A ver dónde quedaron todos los "Ojalá tú y yo cuando sea el momento". Dónde se fueron los planes frustrados, las ideas de futuro, los quiero y no puedo que se quedaron en eso, en no poder, quizás porque tampoco queríamos. Supongo que he corroborado que el momento no sirve de nada cuando no es porque ni siquiera existe, y añadirle un "aún" delante es tan absurdo como escribir listas de propósitos. No podemos decidir nuestro décimo destino cuando aún no nos hemos dejado seducir por le noveno pues quizás descubramos que queremos quedarnos ahí. Y en el fondo, algunas veces doy las gracias al momento por hacer que deje de esperar otro momento, que sé yo.

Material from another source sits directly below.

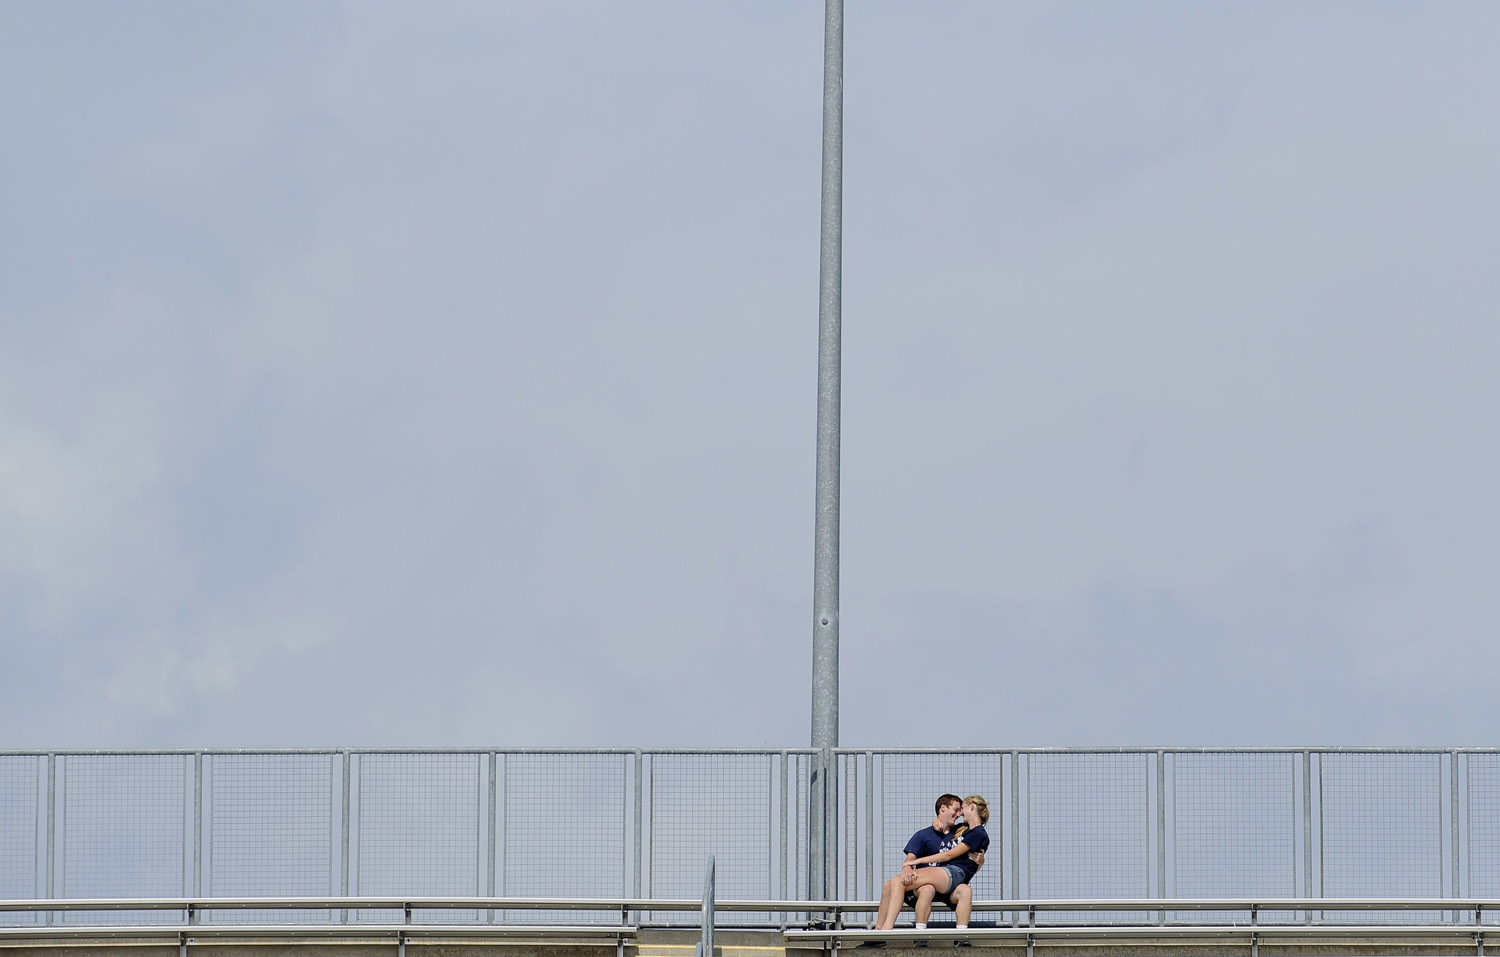 A couple hugs on the bleachers at Rentschler Field during the second half of an NCAA college football game between Connecticut and Stony Brook on Sept. 6, 2014, in East Hartford, Conn.

Quizás las cosas no hayan cambiado tanto. Quizás simplemente haya sido yo la que se ha dejado cambiar. La que ha entendido que era feliz incluso cuando intentaba no serlo. La que ha aceptado que dejarse querer un poco iba de la mano con quererse también. La que sabe convivir con miedos y espejos. La que entiende que dar la mano sin querer es dar la mano de verdad y todo lo demás actos forzados. La que a veces aún sigue odiando tener miedo.

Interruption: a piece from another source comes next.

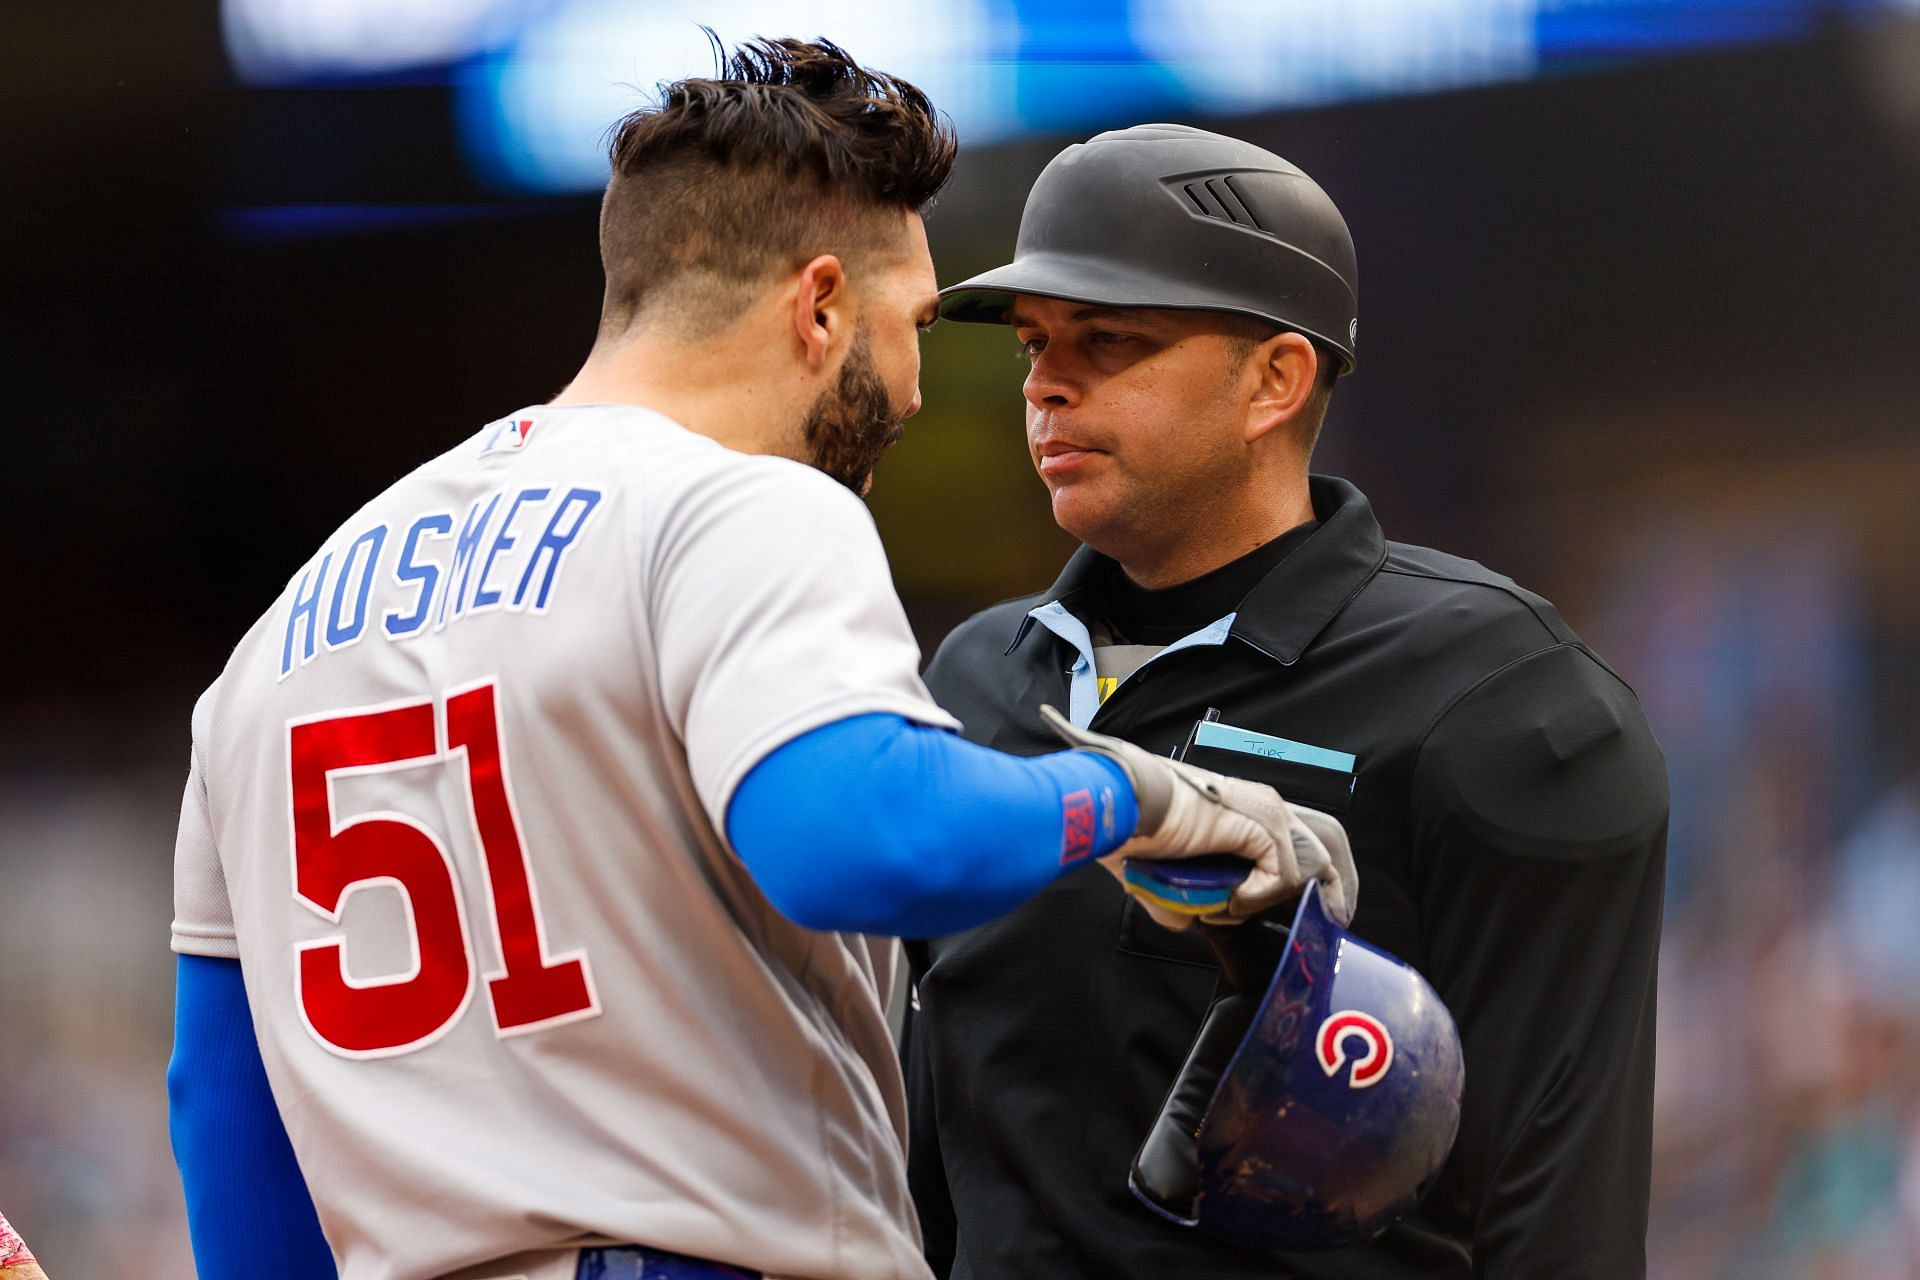 MLB fans react to Chicago Cubs designating Eric Hosmer for

Sigo sin saber terminar las frases. Identificar algunos sentimientos. Coleccionando incertidumbres. Soy menos caos y más bala perdida. Más lo que quiero ser y menos lo que otros quieren. Y eso, en el fondo, me hace renunciar a mis principios, pero para qué existen las normas si no es para saltárselas. Contradicción sigue siendo siempre a veces. Supongo que sigo suponiendo las cosas que me dan miedo, precisamente por eso, porque me dan miedo, aunque a veces las verdades me golpeen en la cara y no las intente huir. A veces añoro vivir esperando entre paradas de tren, la tristeza que conseguía almacenar en libretas perdidas, lo feliz que era cuando puntualmente era feliz. No me quejo: en mis días duros sigo siendo una montaña rusa de emociones, pero tengo claro que siempre elegiría lo que me mantiene viva, que hay cosas que no quiero perder. Ya no juego con la (auto)destrucción. Construyo más que destruyo. Salvo más que mato. Vivo más que muero.
Cuando creé este blog pensé que terminaría abandonándolo. Después lo convertí en casa y en alguna ocasión sentí que siempre que necesitase sangrar fuera de un folio vendría aquí. Ahora creo que ya no es el lugar, o al menos, no en estos momentos. Si en algo no he cambiado es en lo de dejarme llevar por las sensaciones. Probablemente dentro de un año necesite volver a "mi caos". Hoy por hoy necesito "cambiar de aires".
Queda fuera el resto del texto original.